----- Stored data

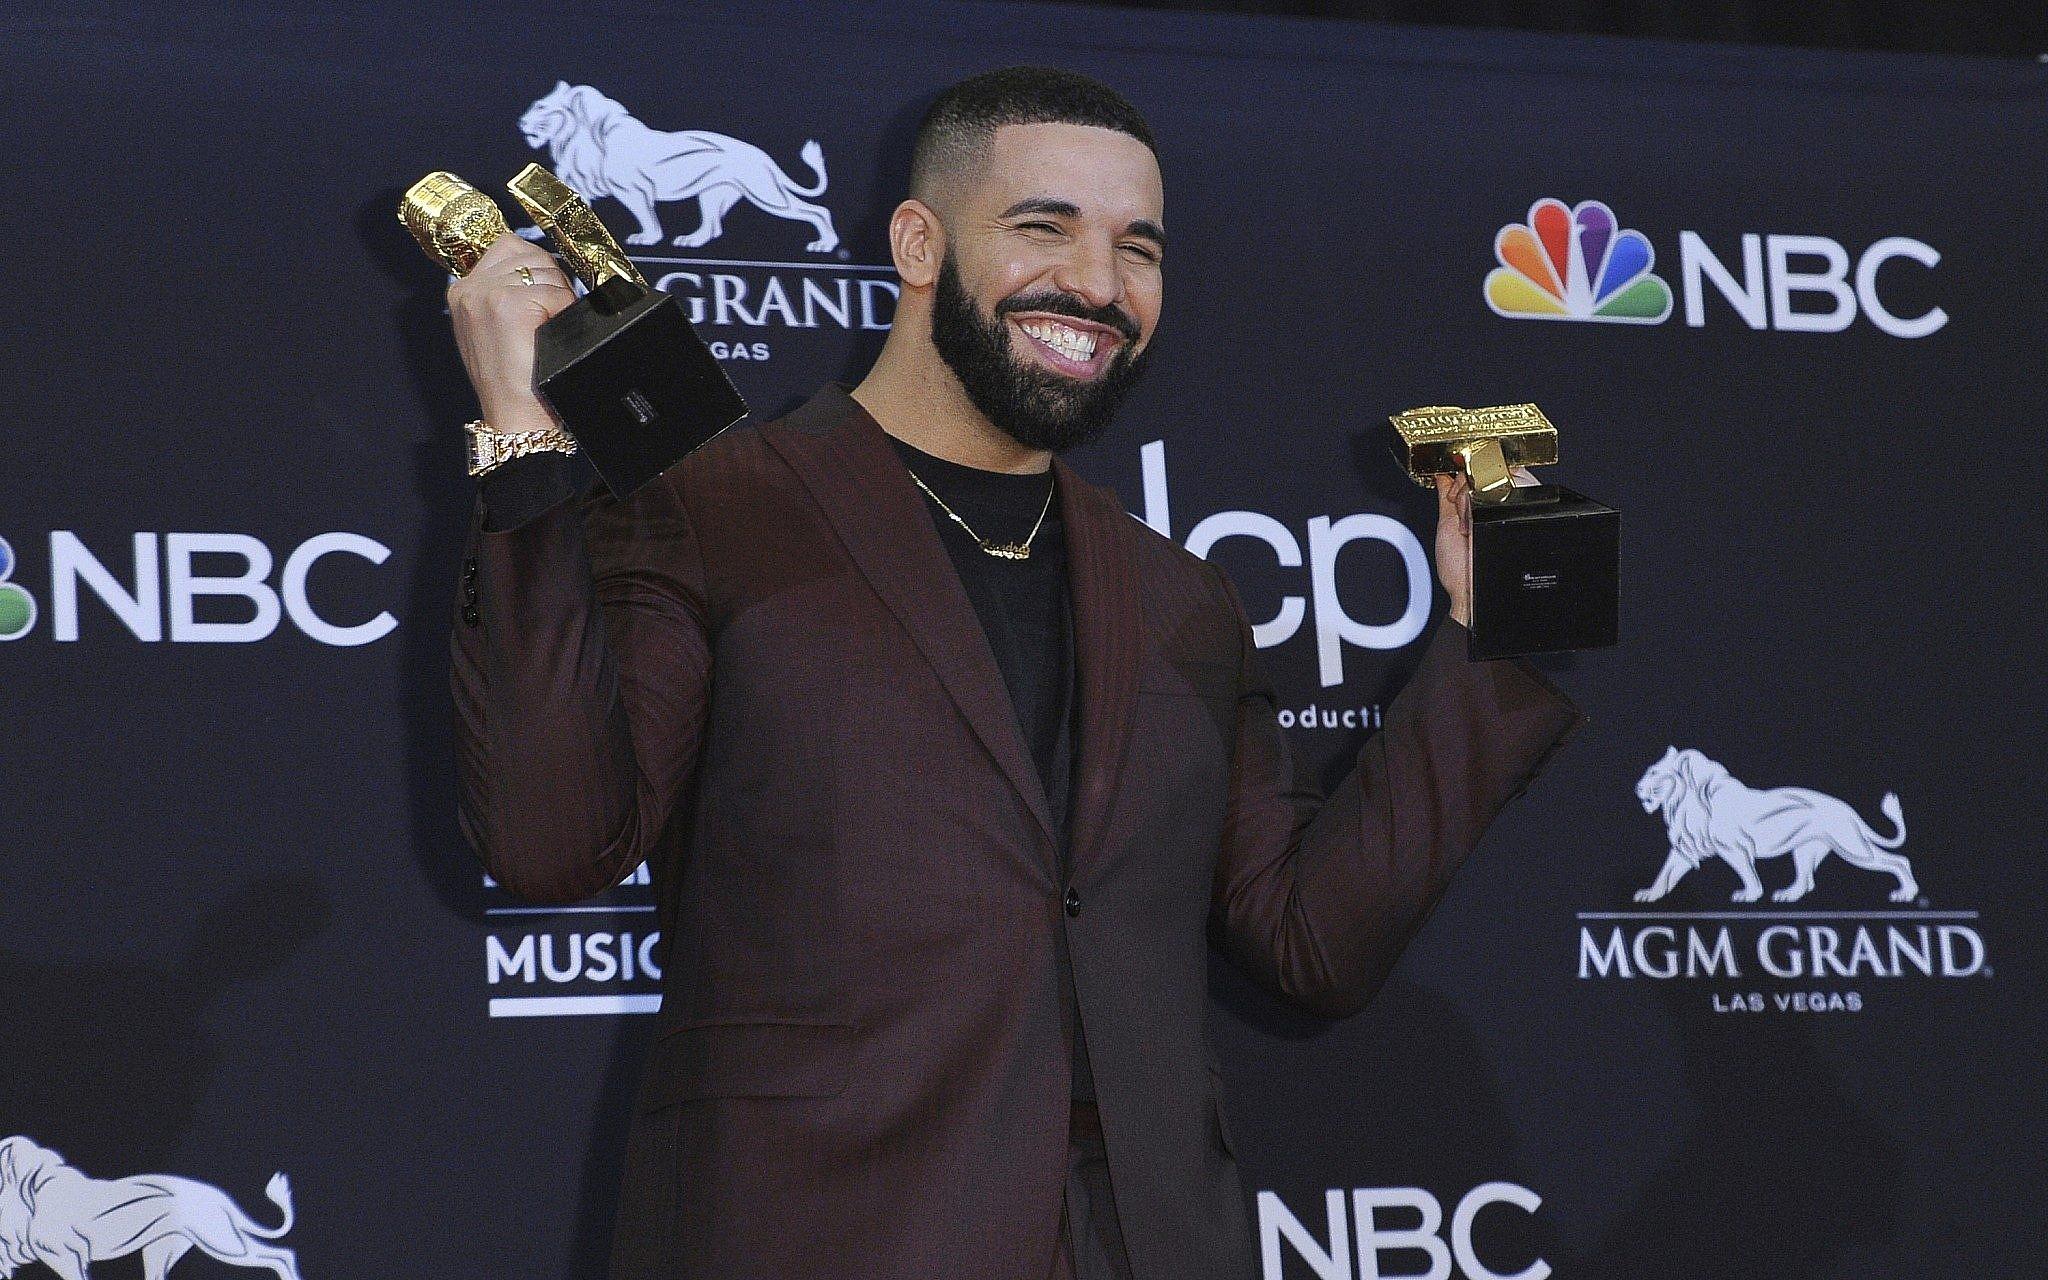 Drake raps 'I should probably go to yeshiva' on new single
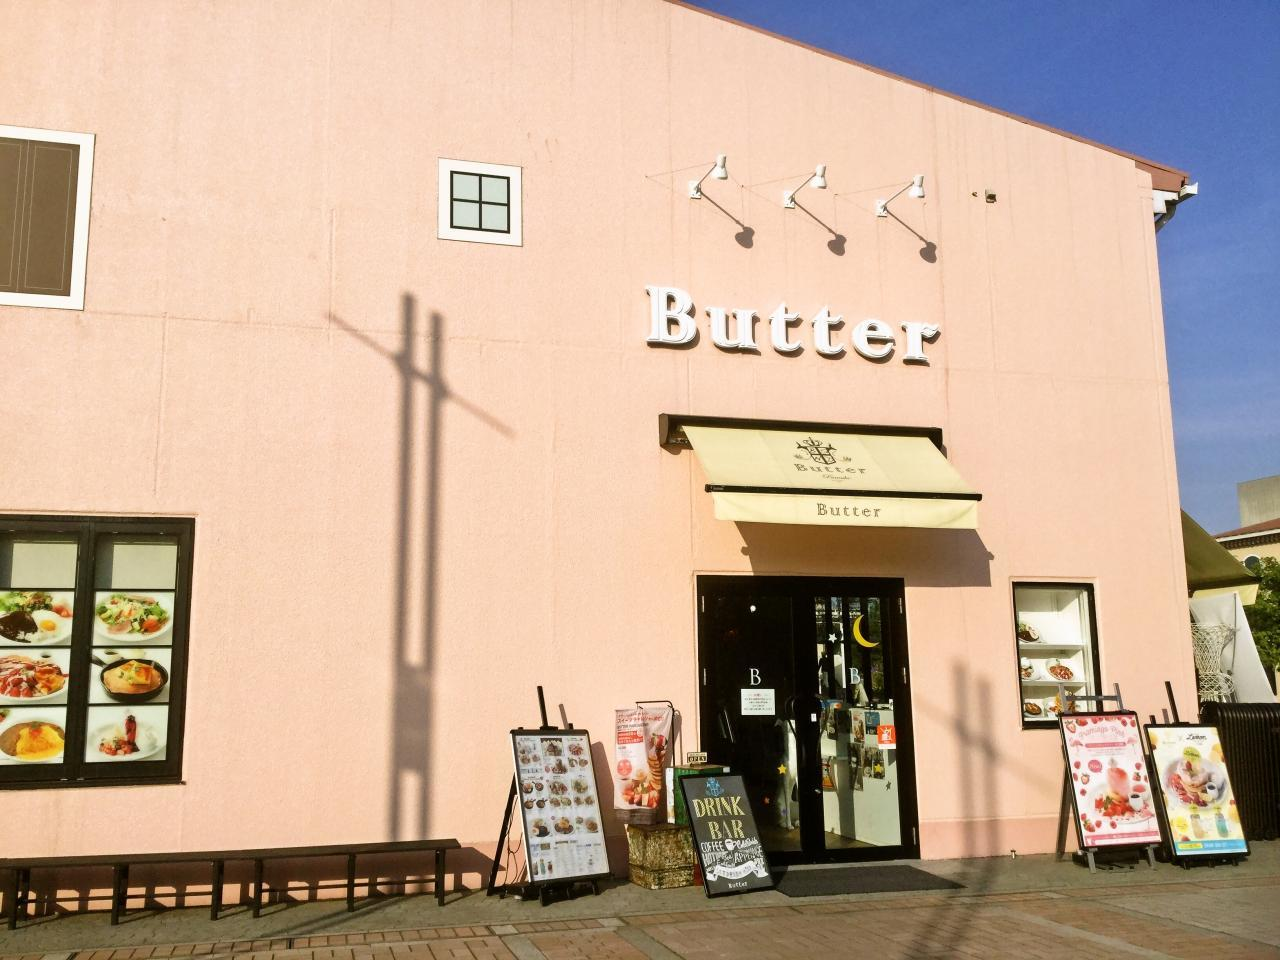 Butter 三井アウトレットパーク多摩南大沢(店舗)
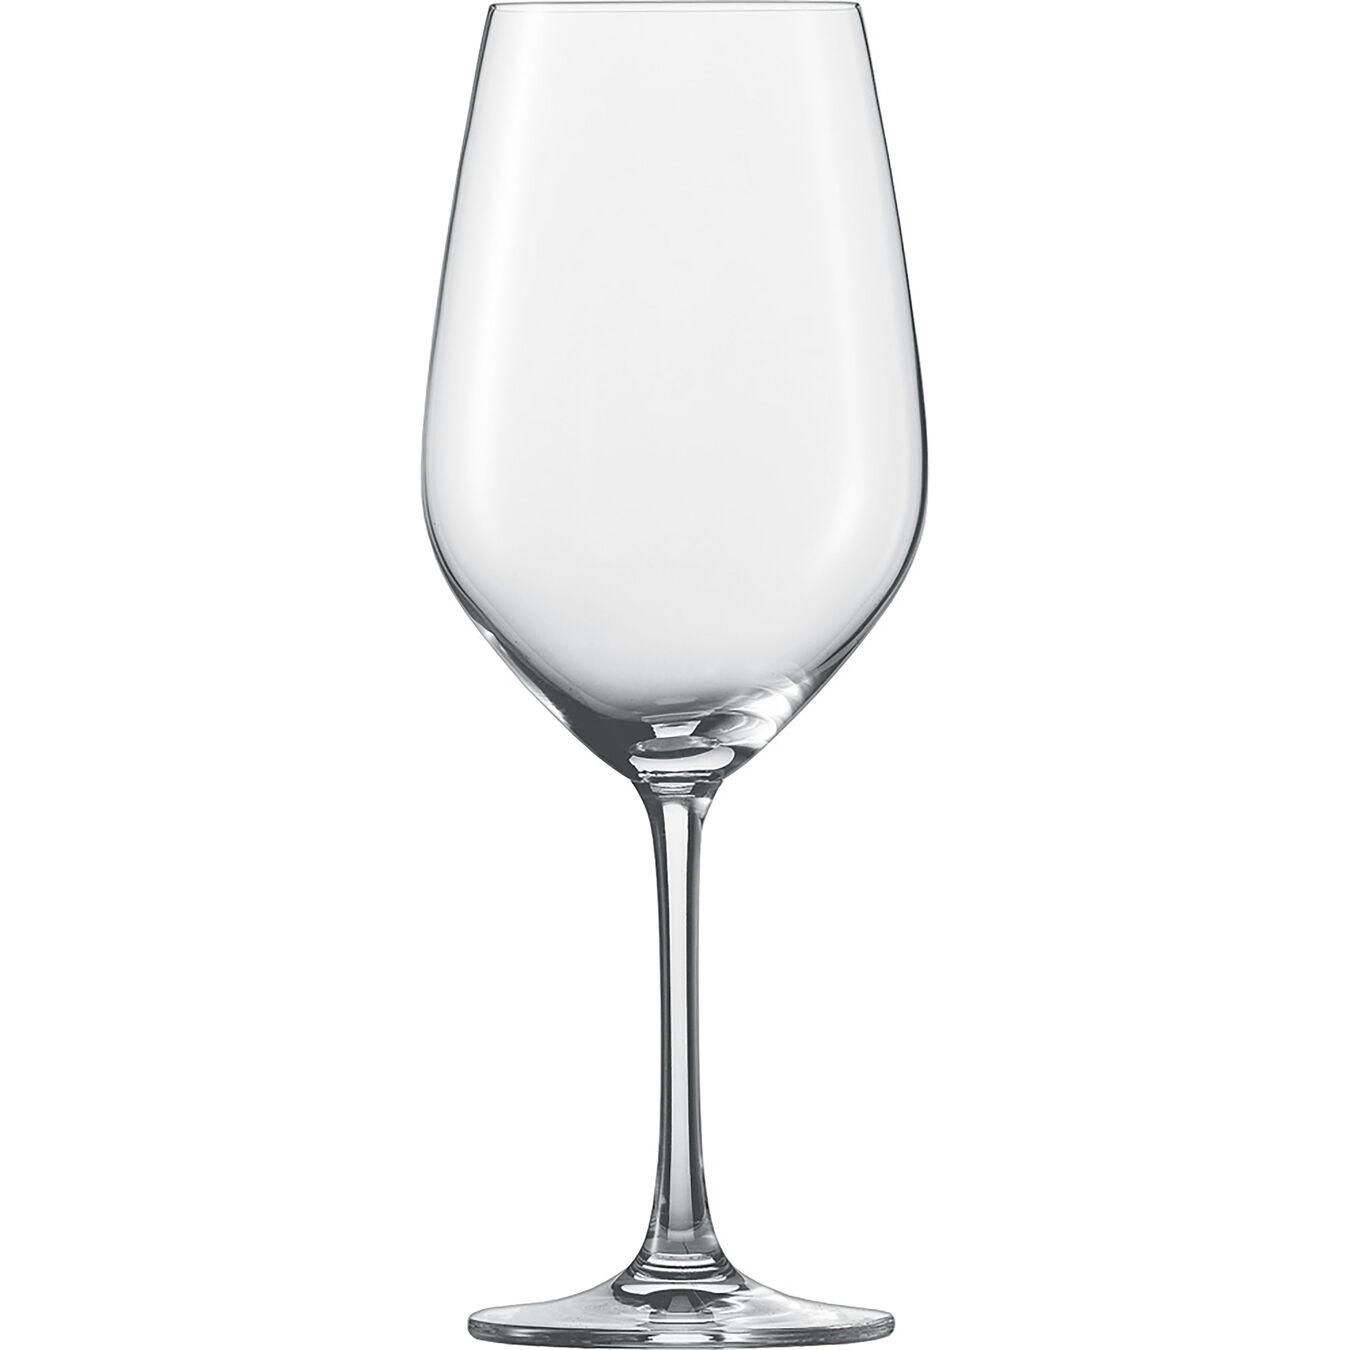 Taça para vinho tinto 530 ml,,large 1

----------

Leaving each image aside, repeat the listing above exactly.

■ **Exercise response**
 Drake raps 'I should probably go to yeshiva' on new single
 Butter 三井アウトレットパーク多摩南大沢(店舗)
 Taça para vinho tinto 530 ml,,large 1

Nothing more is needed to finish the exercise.